Long before CBS pulled the plug on The Late Show, Stephen Colbert was already quietly building himself a second act in Middle-earth. Peter Jackson revealed at the Cannes Film Festival — where he was honored with a Palme d’Or on opening night — that Colbert called him up a full year ago with an idea for a new Tolkien film, well before either of them had any idea the late-night era of his career was about to end.
“He phoned me up a year ago — before he knew his show was going to finish — and said, ‘I don’t know if you’re interesting, but I’ve got an idea for a Tolkien movie based on the books that I think would be really good,’” Jackson told Variety. Jackson was sold. He liked the pitch enough to connect Colbert with Philippa Boyens — the screenwriter who co-wrote both The Lord of the Rings and The Hobbit trilogies with him — and the three of them have been working on a treatment ever since. Colbert even flew to New Zealand to be closer to the team.
Then, right in the middle of all that, CBS canceled The Late Show.

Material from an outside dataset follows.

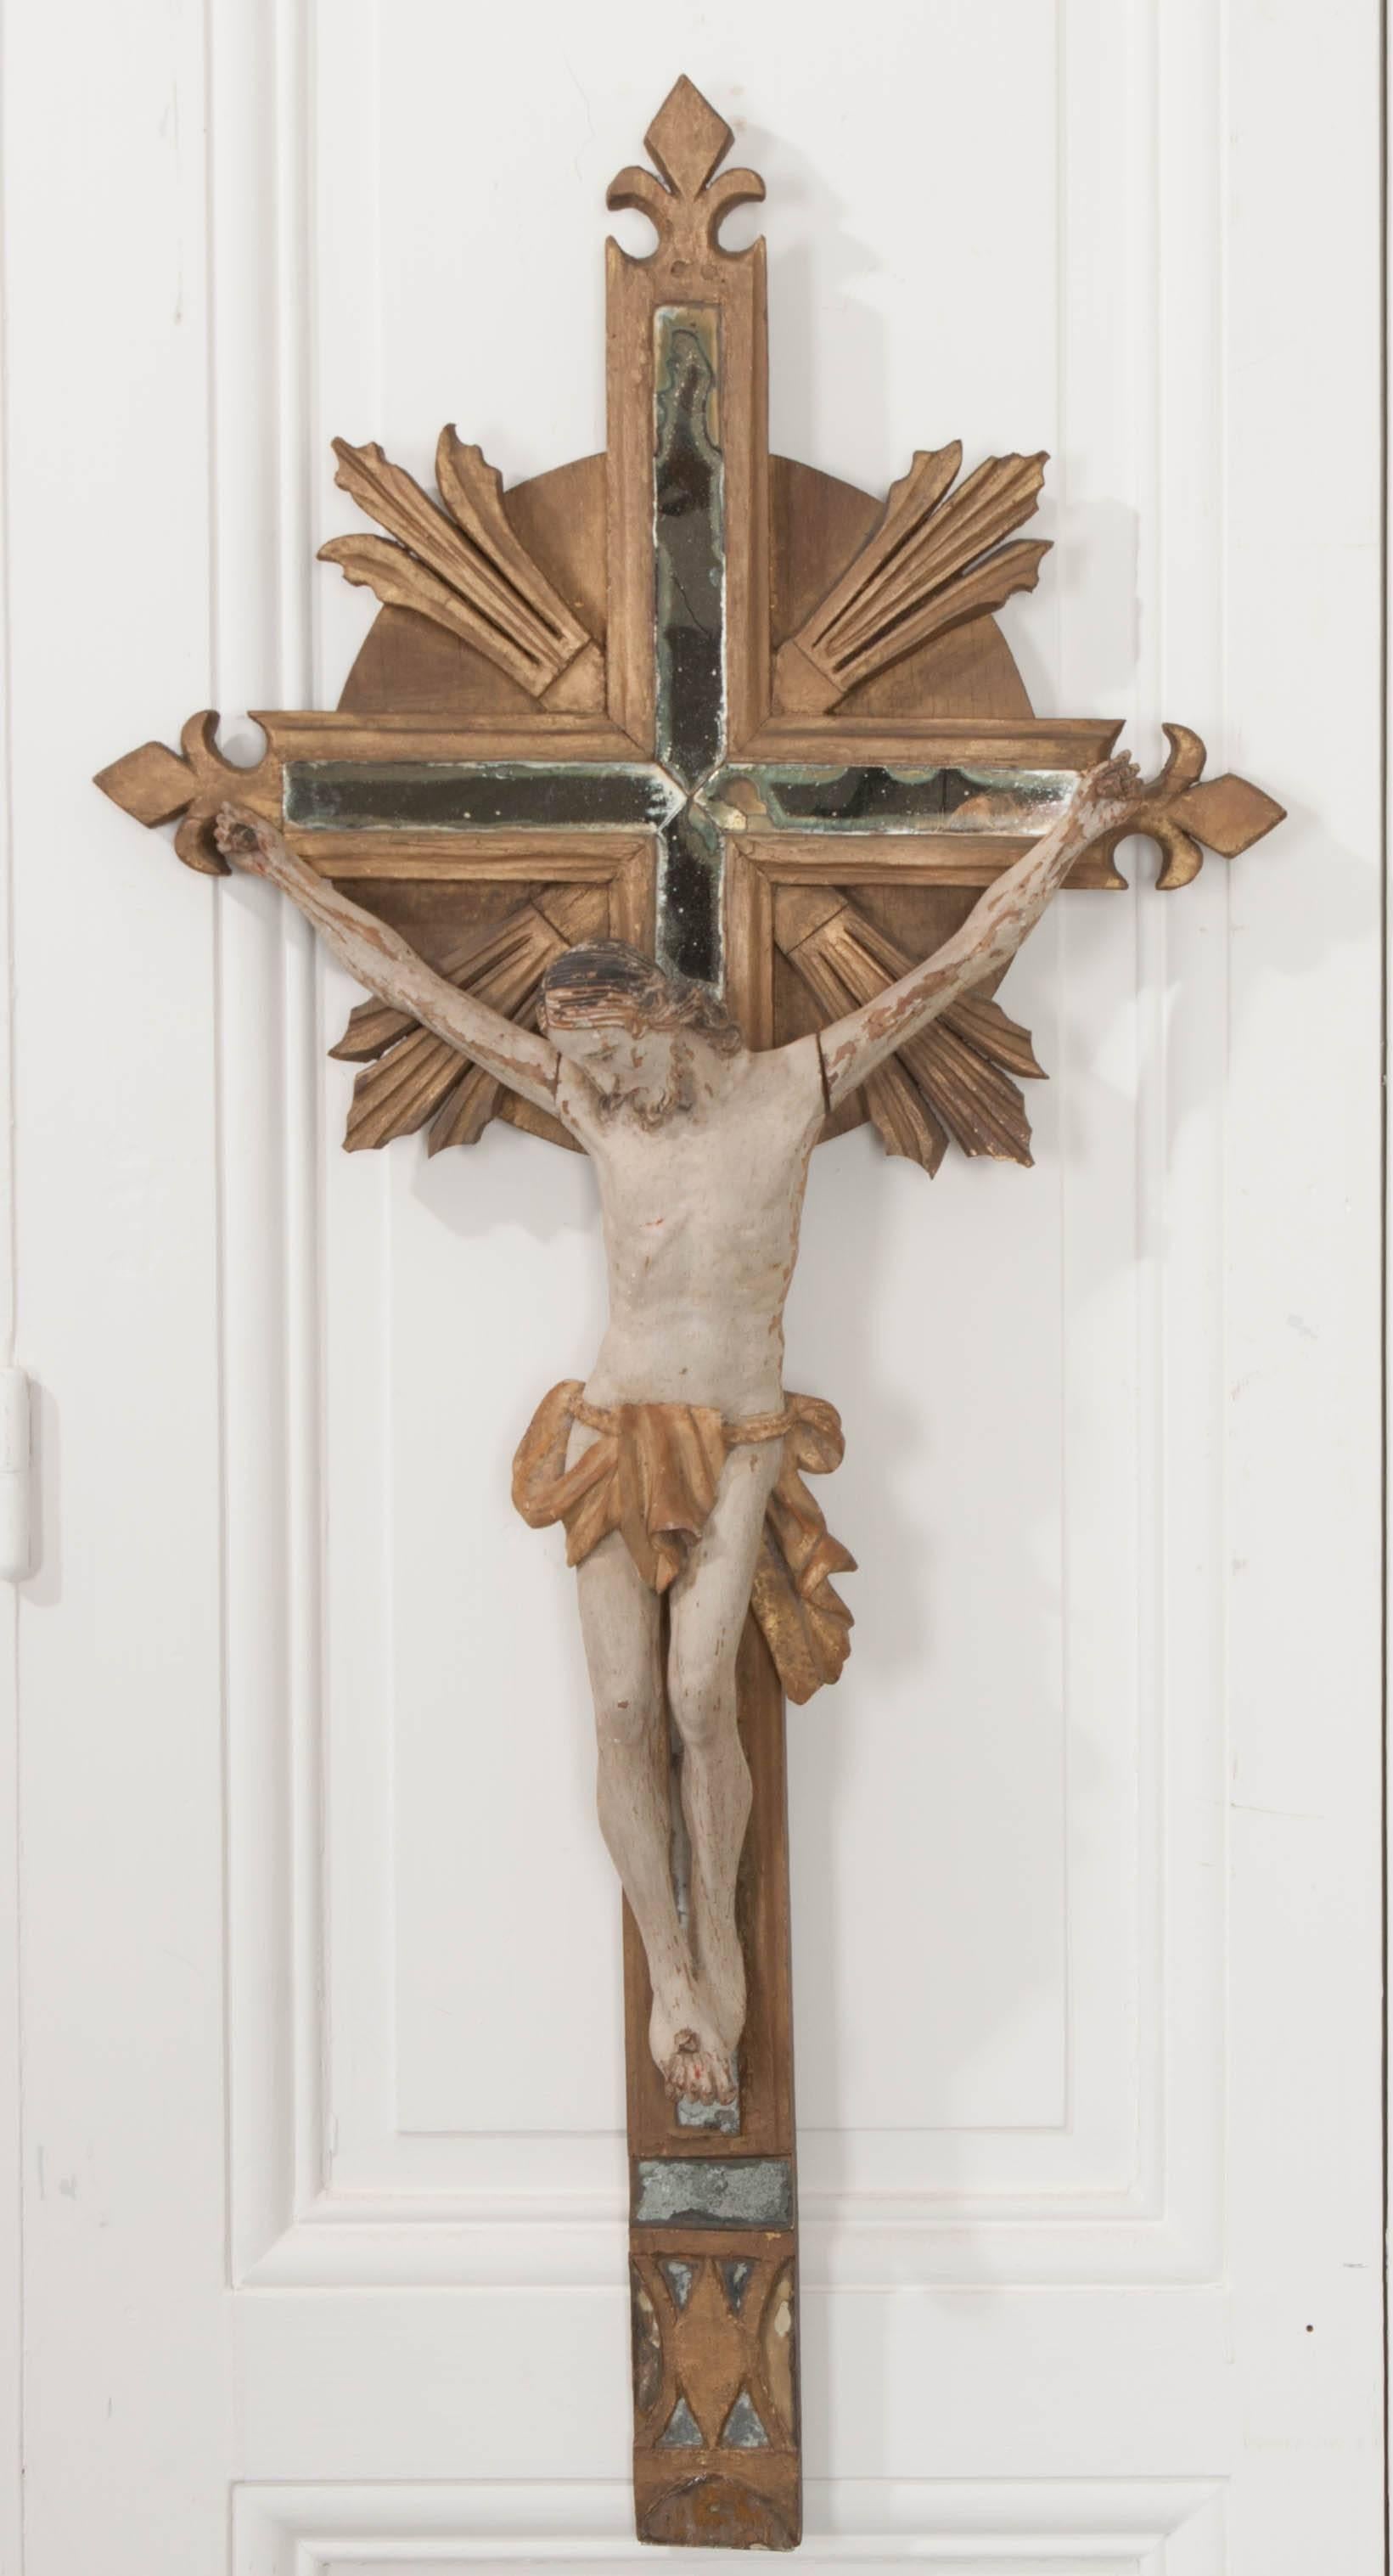 A remarkable hand-carved crucifix from 19th century France. This extraordinary religious artifact has been finished in a beautiful gold gilt and was made with antique mercury glass set into the cross. This glass is impeccably well-aged and adds to

Jackson didn’t mince words about how he felt about that decision, saying it wasn’t what the show or Colbert “deserved.” But he also sees a silver lining. Having a project this big waiting in the wings — something Colbert had been building quietly for a year — turned a gut punch into something more manageable.
“I think Stephen’s actually really happy — I think it helped him process what was a rather shocking,” Jackson said. “So it was like, okay, one day he’s going to be a late-night talk show host, and the next day he’s going to be a Tolkien scriptwriter.”
Jackson also made clear just how seriously he takes Colbert as a Tolkien authority. “I’ve never met anyone who knows more about Tolkien,” he said — high praise from the man who spent over a decade adapting the books for the screen.
What the Movie Is Actually About
The film currently carries the working title The Lord of the Rings: Shadow of the Past, and its official logline gives fans a real sense of what Colbert, his son Peter McGee, and Boyens have been building. Set fourteen years after the passing of Frodo, the story follows Sam, Merry, and Pippin as they set out to retrace the first steps of their original adventure. Meanwhile, Sam’s daughter Elanor uncovers a long-buried secret — one that reveals the War of the Ring was nearly lost before it ever truly began.
It’s a sequel, not a prequel — which makes it a different beast from the other new LOTR film in development. That one, The Hunt for Gollum, is directed by Andy Serkis and is set between The Hobbit and The Fellowship of the Ring. Colbert’s film will follow Serkis’ in the pipeline, though no release date has been set yet.
This Isn’t Colbert’s First Trip to Middle-earth
None of this came out of nowhere. Colbert has long been one of Hollywood’s most devoted Tolkien fans, and his connection to Jackson is real and established. He had a small role in 2013’s The Hobbit: The Desolation of Smaug, and in 2019 he directed Jackson — along with Lord of the Rings stars Ian McKellen, Viggo Mortensen, and Elijah Wood — in the short film Darrylgorn, set in Tolkien’s Middle-earth. It was Colbert who leveraged that existing relationship to make the call that started all of this.
The Late Show with Stephen Colbert airs its final episode on May 21, 2026. And when that chapter closes, it sounds like Colbert already knows exactly where he’s headed next.